More pix and detail in Retro Forum;

http://forums.roadbikereview.com/showthread.php?t=171606


----------



## asdasd44 (Apr 24, 2007)

That's beautiful. Where did you get the yellow saddle?


----------



## DannyBoy (Feb 19, 2004)

Bought the saddle NOS back in the UK a few yrs ago, was a mid 80's model. Have another in blue suede. Quite rare.


----------



## eff_dee (Mar 25, 2008)

Beauty ! Love the paint scheme.

What tube set is it ?


----------



## DannyBoy (Feb 19, 2004)

Gilco!


----------



## boneman (Nov 26, 2001)

*Tecnos 200*

DB- Pretty sure your tubing is Tecnos 2000 by Columbus. Tube profiling is different than Gilco, more crimped than clover leaf x-section. Also, only the top and down tubes are shaped versus all 3 maintubes for the Master and its variants.

The earliest Tecnos were made from EL/OS, then later versions from Tecnos 2000.

I have both a Tecnos made from 2000 and a Master Olympic made from Gilco.


----------



## Ride-Fly (Mar 27, 2002)

boneman said:


> DB- Pretty sure your tubing is Tecnos 2000 by Columbus. Tube profiling is different than Gilco, more crimped than clover leaf x-section.

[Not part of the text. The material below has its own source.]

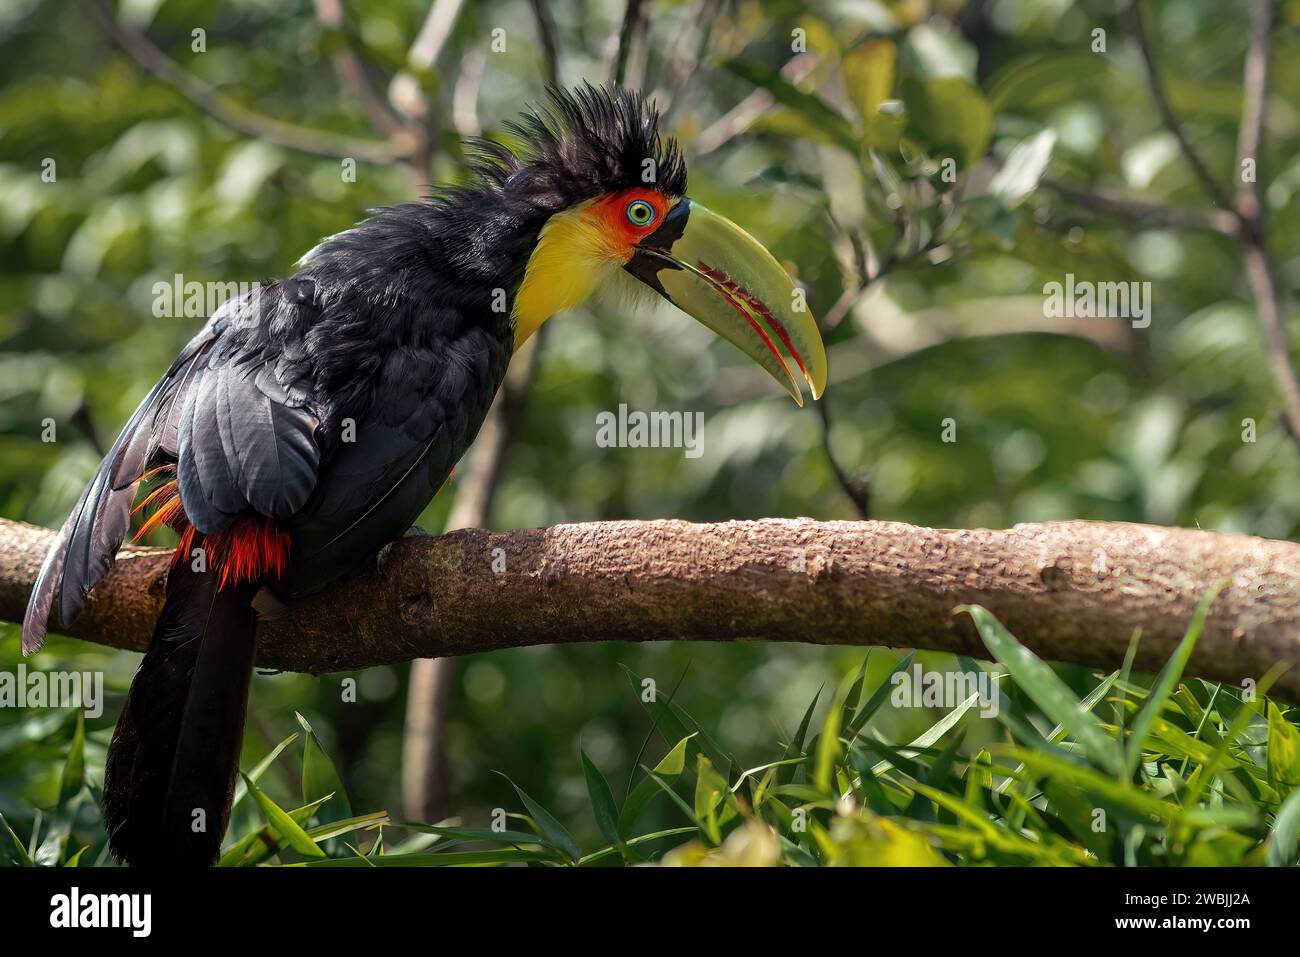 Red-breasted toucan or Green-billed toucan (Ramphastos dicolorus) Stock Photo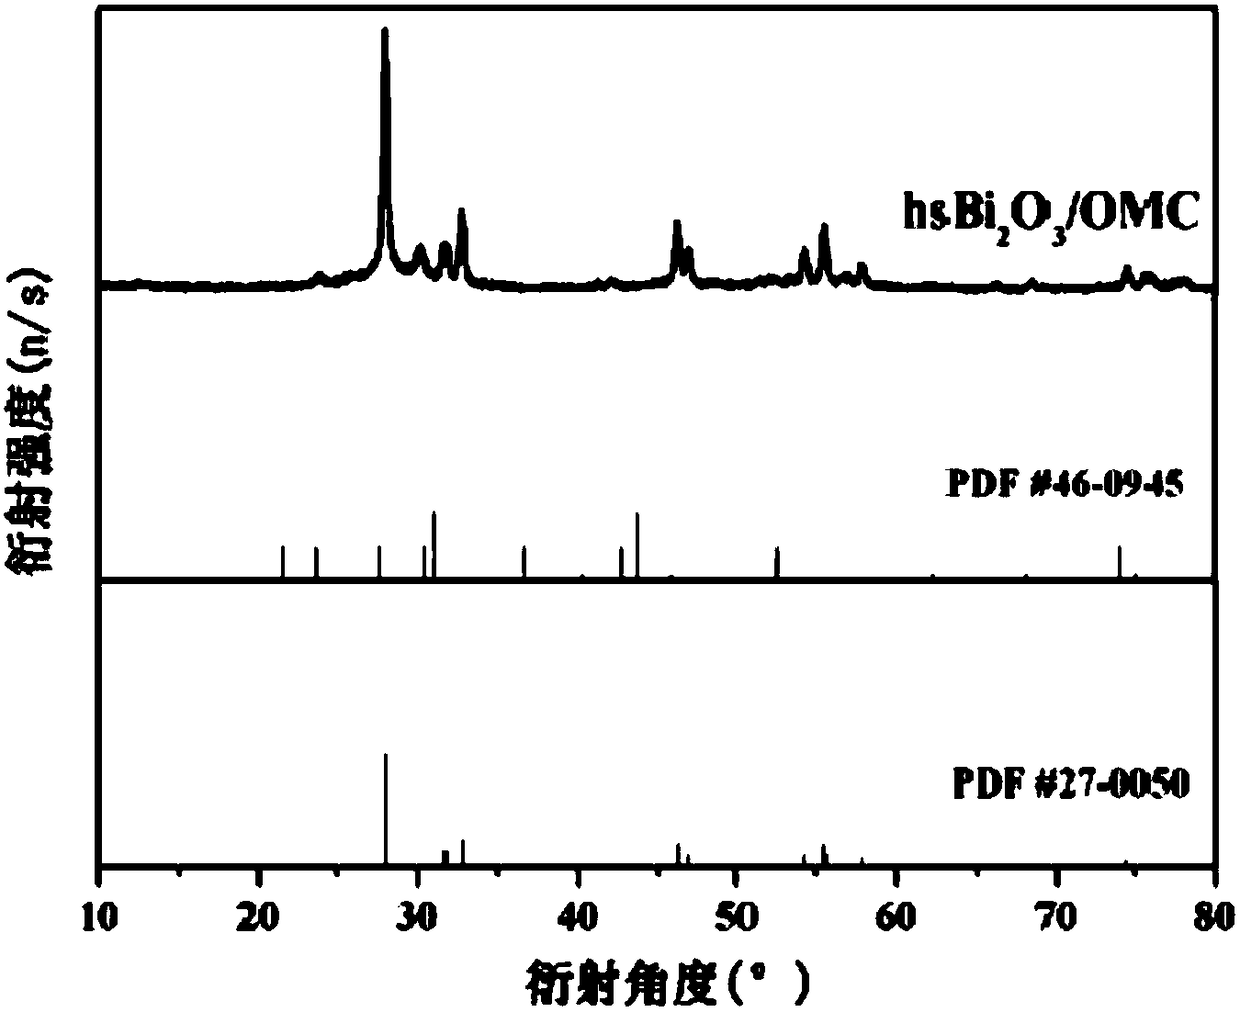 Hollow spherical bismuth oxide supported ordered mesoporous carbon as well as preparation method and application thereof

Also, only the top and down tubes are shaped versus all 3 maintubes for the Master and its variants.
> 
> The earliest Tecnos were made from EL/OS, then later versions from Tecnos 2000.
> 
> I have both a Tecnos made from 2000 and a Master Olympic made from Gilco.


Does anyone have info on the different models of steel Colnagos and the years that they were made? I am only familiar with the current Master X-Light. What is the difference between the Tecnos, Master Olympic, Mexico, Master PIU, Master Mexico, Mister Mexico, blah blah???  Sheeesh... too many to try and get straight in my feeble mind! And also, which one is generally considered the best lugged steel Nag? Most coveted? Most rare? Bone, you seem to know your stuff about old steel Nags as well as other old steel bikes (IIRC you are the guy with a bunch of steel Merckx frames, correct?) Thanks all.


----------



## DannyBoy (Feb 19, 2004)

The best steel 'nag - easy - mine!!!


----------



## Ride-Fly (Mar 27, 2002)

DannyBoy said:


> The best steel 'nag - easy - mine!!!


yeah you riiiight!!!


----------